Fairway View II Apartments                  96%        96%
Baton Rouge, Louisiana
Northwoods Apartments                       95%        95%
Pensacola, Florida
Patchen Place Apartments                    93%        85%
Lexington, Kentucky
The Pines Aparments                         96%        95%
Roanoke, Virginia
South Point Apartments                      93%        89%
Durham, North Carolina

The Managing General Partner attributes the increase in occupancy at Patchen
Place and South Point Apartments to improved market conditions and increased
marketing efforts.  The Managing General Partner also attributes the increase in
occupancy at South Point Apartments to staggering lease terms to offset lower
occupancy traditionally experienced due to students moving out during the summer
months.

Results of Operations

The Registrant's net income for the nine months ended September 30, 1999 was
approximately $443,000 as compared to a net loss of approximately $2,000 for the
nine months ended September 30, 1998.  The Registrant's net income for the three
months ended September 30, 1999 was approximately $161,000 as compared to net
income of approximately $34,000 for three months ended September 30, 1998.  The
increase in net income for the three and nine months ended September 30, 1999 as
compared to the comparable periods in 1998 was due to an increase in total
revenues and a decrease in total expenses.  Total revenues increased due to an
increase in rental income which was partially offset by a decrease in other
income.  Rental income increased primarily due to increased or stable occupancy
and increased average rental rates at all of the Partnership's investment
properties and decreased concession costs at Northwoods Apartments and Patchen
Place Apartments.  The decrease in other income was primarily due to a decrease
in interest income as a result of lower interest bearing cash balances held by
the Partnership during 1999. In addition, the rental of furnished units to
corporations at Patchen Place was discontinued during 1998.  As a result, the
additional income attributable to furnished units decreased for the nine months
ended September 30, 1999, as compared to the same period in 1998.  These
decreases were partially offset by increased tenant charges at South Point, The
Pines, and Northwoods Apartments.

Total expenses decreased primarily due to reductions in operating expenses and
general and administrative expenses which were partially offset by increases in
property tax expense and depreciation expense.  Operating expenses decreased
primarily due to decreased maintenance expenses resulting from a balcony
replacement project at Patchen Place which was completed in 1998 and a decrease
in landscaping expenses at Fairway View II.  Also, corporate unit expense
decreased at Patchen Place and insurance expense decreased at all the
Partnership's properties due to a change in insurance carriers in late 1998.
General and administrative expenses decreased primarily due to fees paid to the
Managing General Partner in connection with the distributions from operations
made during the first three quarters of 1998. For the nine months ended
September 30, 1999, no similar fees were paid because the distribution paid
during this period was from refinancing proceeds.  In addition, reimbursements
to the Managing General Partner for services decreased. Included in general and
administrative expenses at both September 30, 1999 and 1998, are management
reimbursements to the Managing General Partner allowed under the Partnership
Agreement.  In addition, costs associated with the quarterly and annual
communications with investors and regulatory agencies and the annual audit
required by the Partnership Agreement are also included.  Property tax expense
increased due to the timing of receipt of the property tax bills for 1999 and
1998 which affected the accruals as of September 30, 1999 and 1998.
Depreciation expense increased due to property improvements and replacements
completed during the last twelve months which are now being depreciated.

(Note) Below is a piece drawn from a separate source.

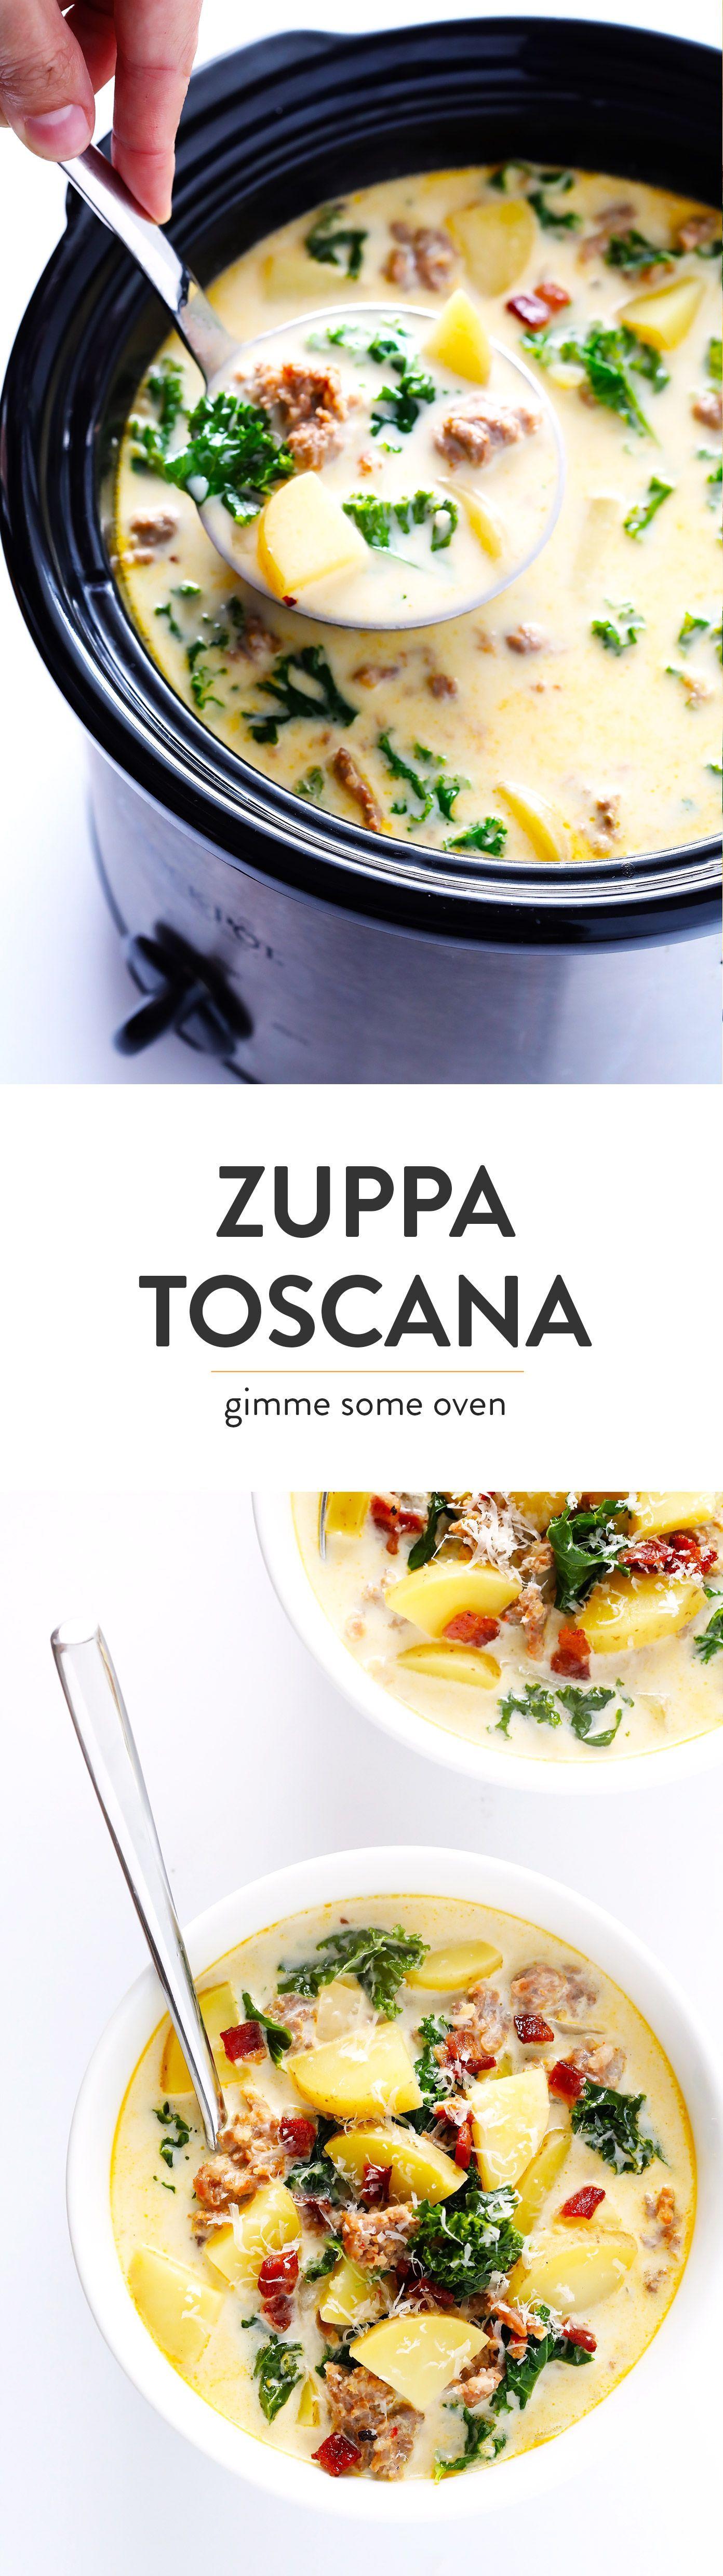 Zuppa Toscana (Olive Garden Copycat) Recipe Gluten

As part of the ongoing business plan of the Partnership, the Managing General
Partner monitors the rental market environment of each of its investment
properties to assess the feasibility of increasing rents, maintaining or
increasing occupancy levels and protecting the Partnership from increases in
expense.  As part of this plan, the Managing General Partner attempts to protect
the Partnership from the burden of inflation-related increases in expenses by
increasing rents and maintaining a high overall occupancy level.  However, due
to changing market conditions, which can result in the use of rental concessions
and rental reductions to offset softening market conditions, there is no
guarantee that the Managing General Partner will be able to sustain such a plan.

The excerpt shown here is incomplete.